Vermaning tot getrouwe plichtsbetrachting
1 GIJ dan, mijn zoon, word gesterkt in de genade, die in Christus Jezus is;
2 En hetgeen gij van mij gehoord hebt onder vele getuigen, betrouw dat aan getrouwe mensen, welke bekwaam zullen zijn om ook anderen te leren.

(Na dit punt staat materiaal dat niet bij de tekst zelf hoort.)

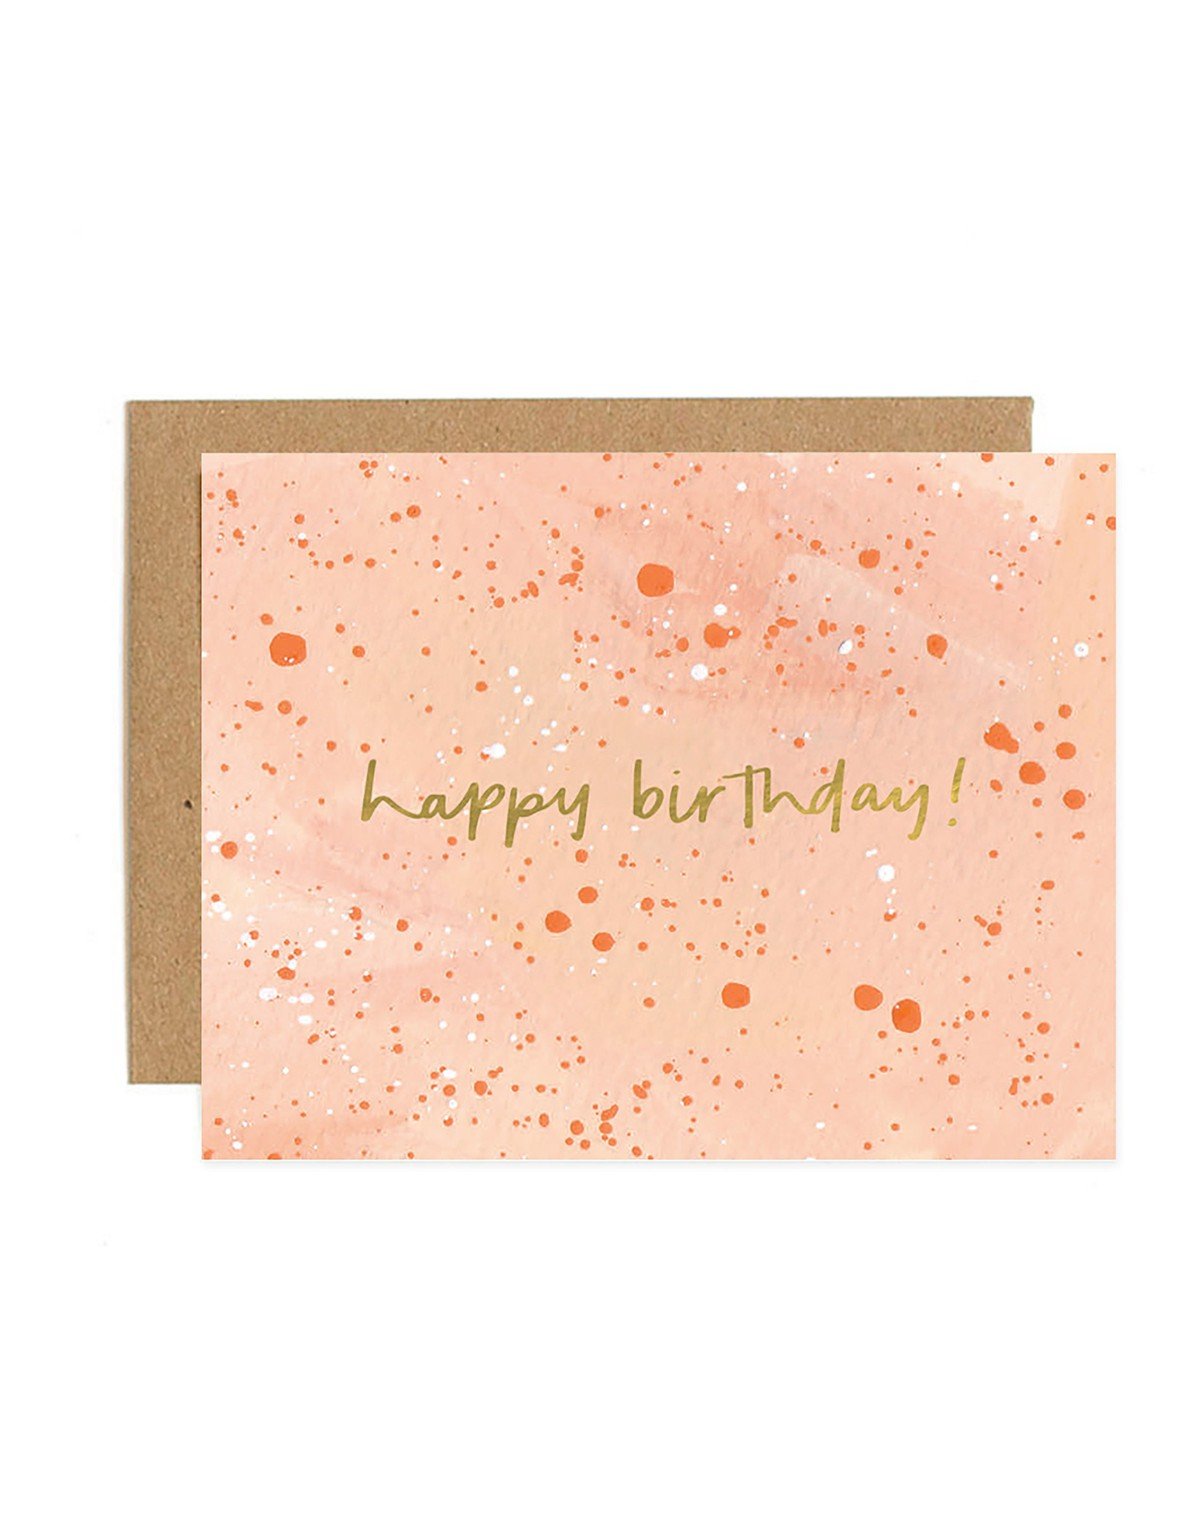 Speckled Zinnia Birthday Greeting Card item

3 Gij dan, lijd verdrukkingen, als een goed krijgsknecht van Jezus Christus.
4 Niemand, die in den krijg dient, wordt ingewikkeld in de handelingen des leeftochts, opdat hij dien moge behagen, die hem tot den krijg aangenomen heeft.
5 En indien ook iemand strijdt, die wordt niet gekroond, zo hij niet wettelijk heeft gestreden.

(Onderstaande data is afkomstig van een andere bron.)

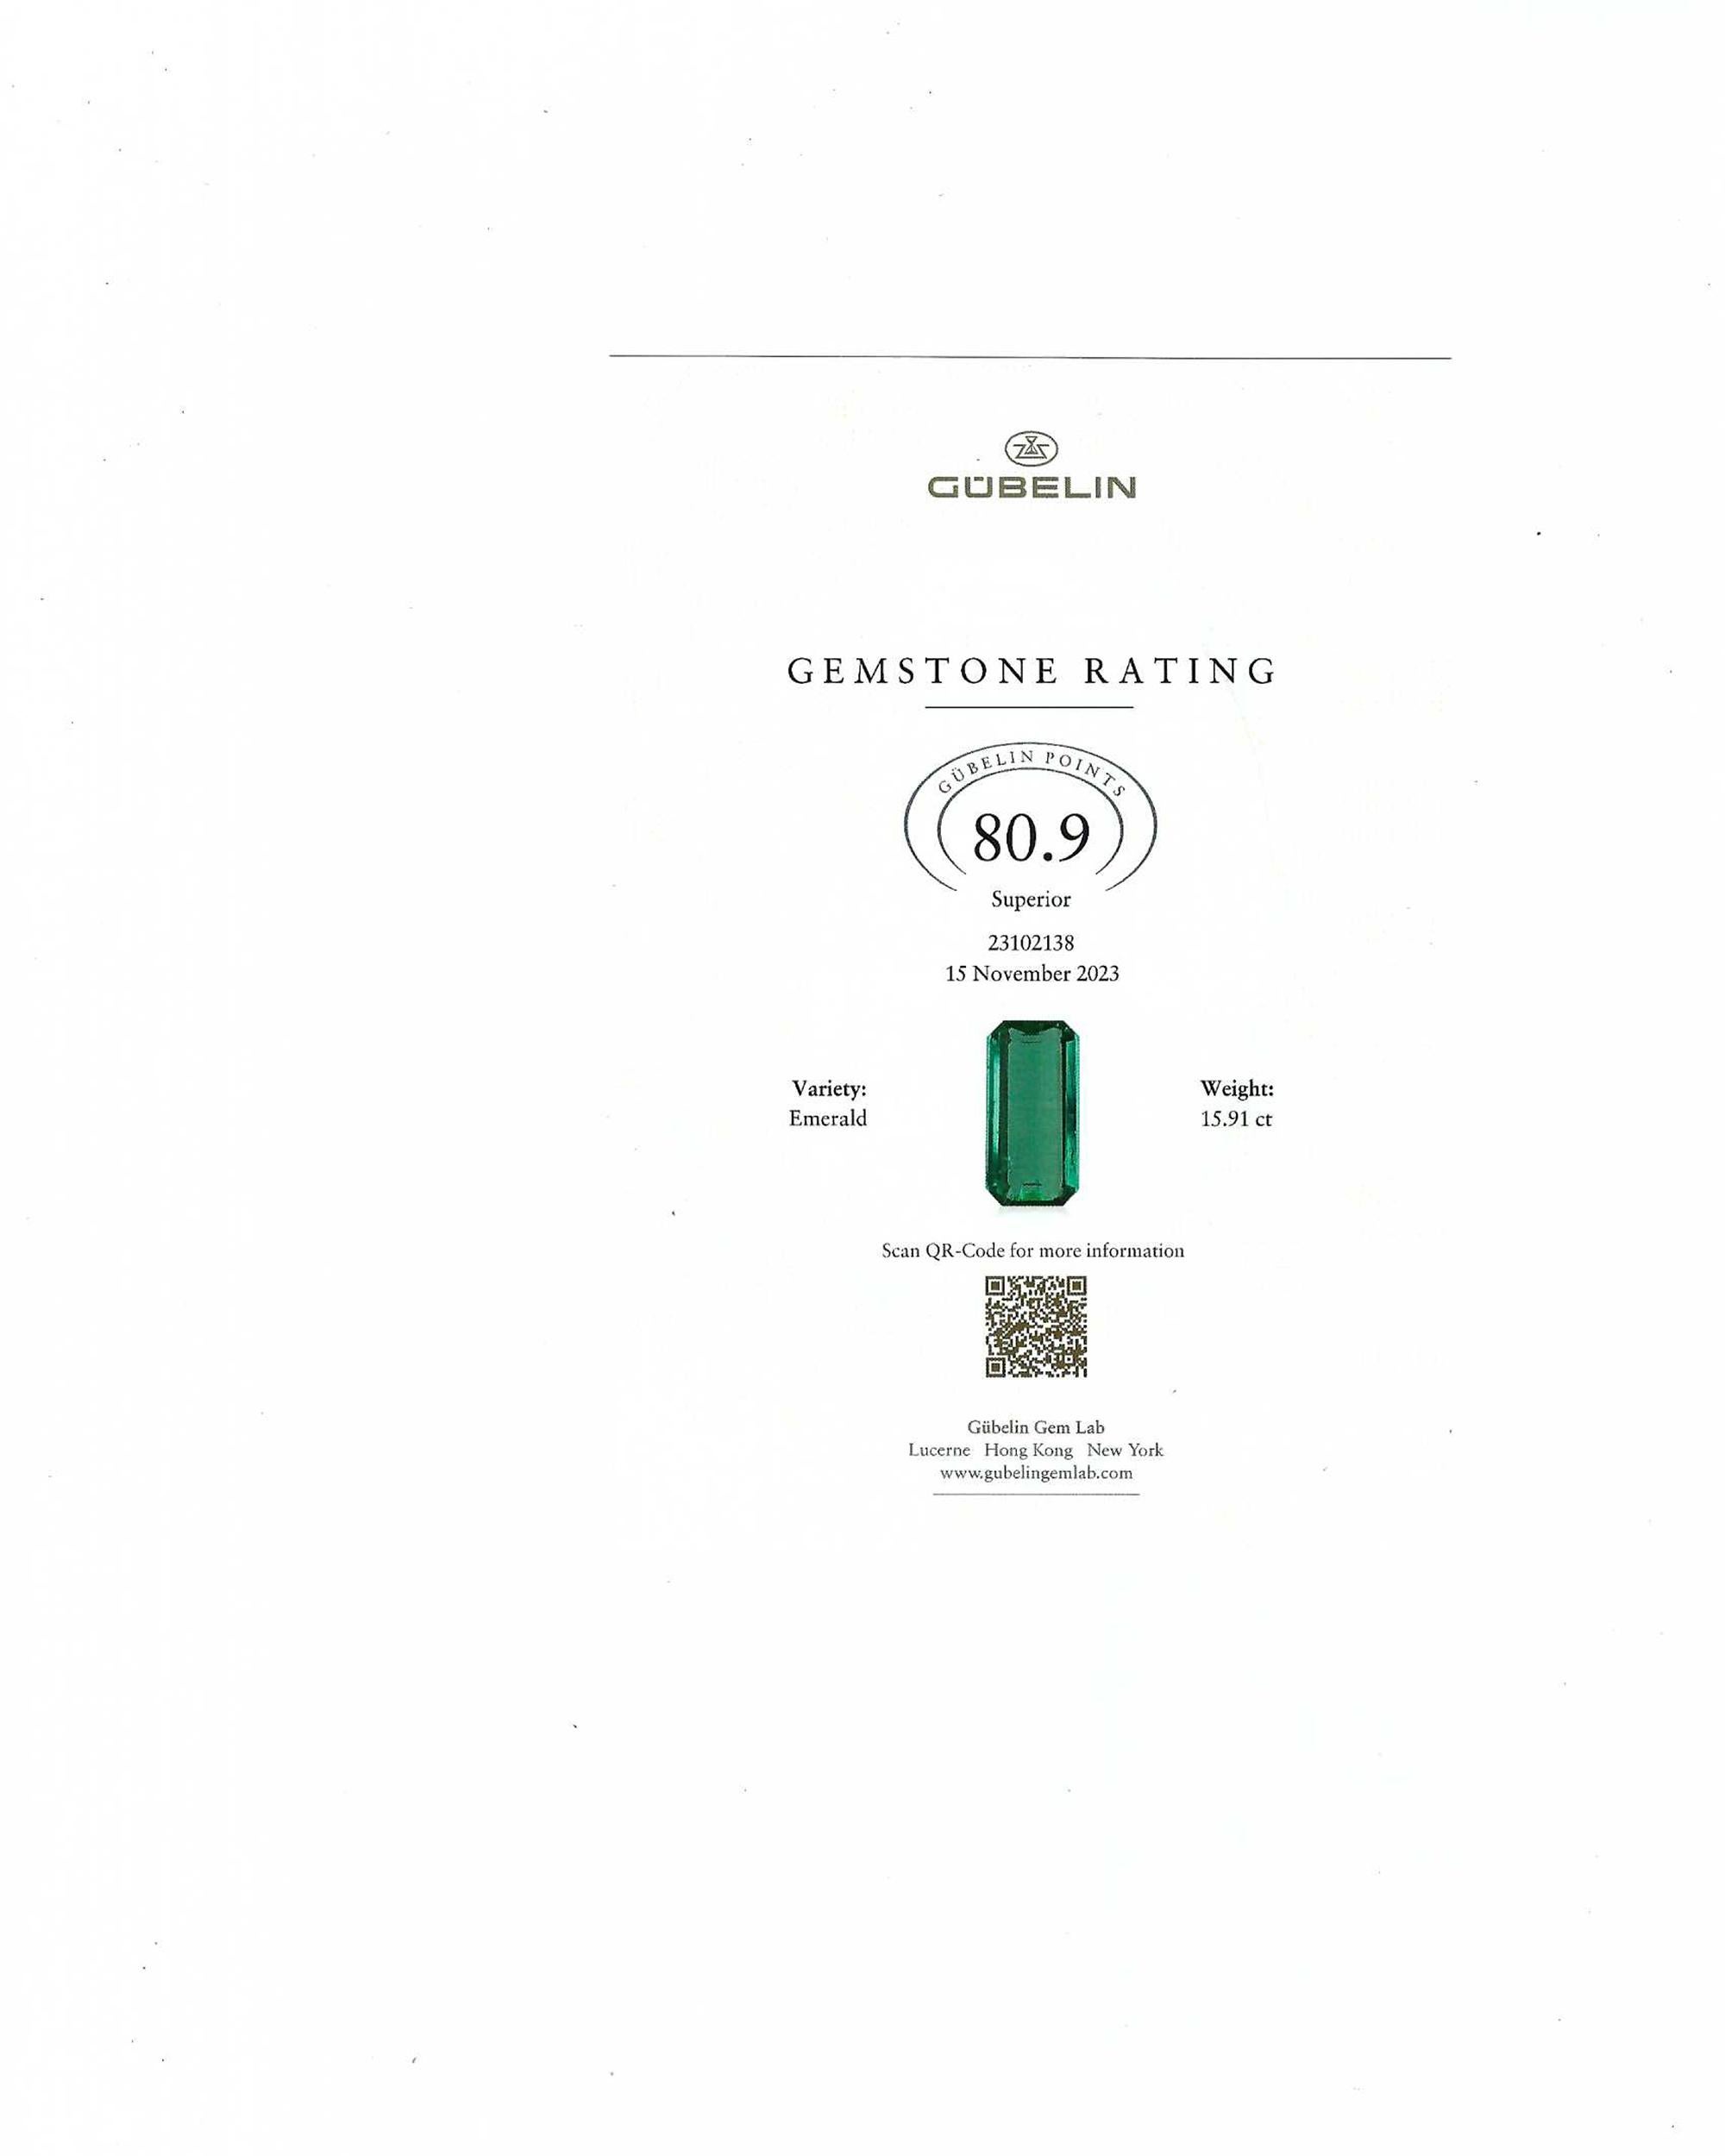 Women's Spectra Fine Jewelry, Certified 15.91 Carat Colombian Emerald Ring For Sale

6 De landman, als hij arbeidt, moet alzo eerst de vruchten genieten.
7 Merk, hetgeen ik zeg; doch de Heere geve u verstand in alle dingen.
8 Houd in gedachtenis, dat Jezus Christus uit de doden is opgewekt, Welke is uit den zade Davids, naar mijn Evangelie;
9 Om hetwelk ik verdrukkingen lijde tot de banden toe, als een kwaaddoener; maar het Woord Gods is niet gebonden.
10 Daarom verdraag ik alles om de uitverkorenen, opdat ook zij de zaligheid zouden verkrijgen, die in Christus Jezus is, met eeuwige heerlijkheid.
11 Dit is een getrouw woord; want indien wij met Hem gestorven zijn, zo zullen wij ook met Hem leven;
12 Indien wij verdragen, wij zullen ook met Hem heersen; indien wij Hem verloochenen, Hij zal ons ook verloochenen;
13 Indien wij ontrouw zijn, Hij blijft getrouw; Hij kan Zichzelven niet verloochenen.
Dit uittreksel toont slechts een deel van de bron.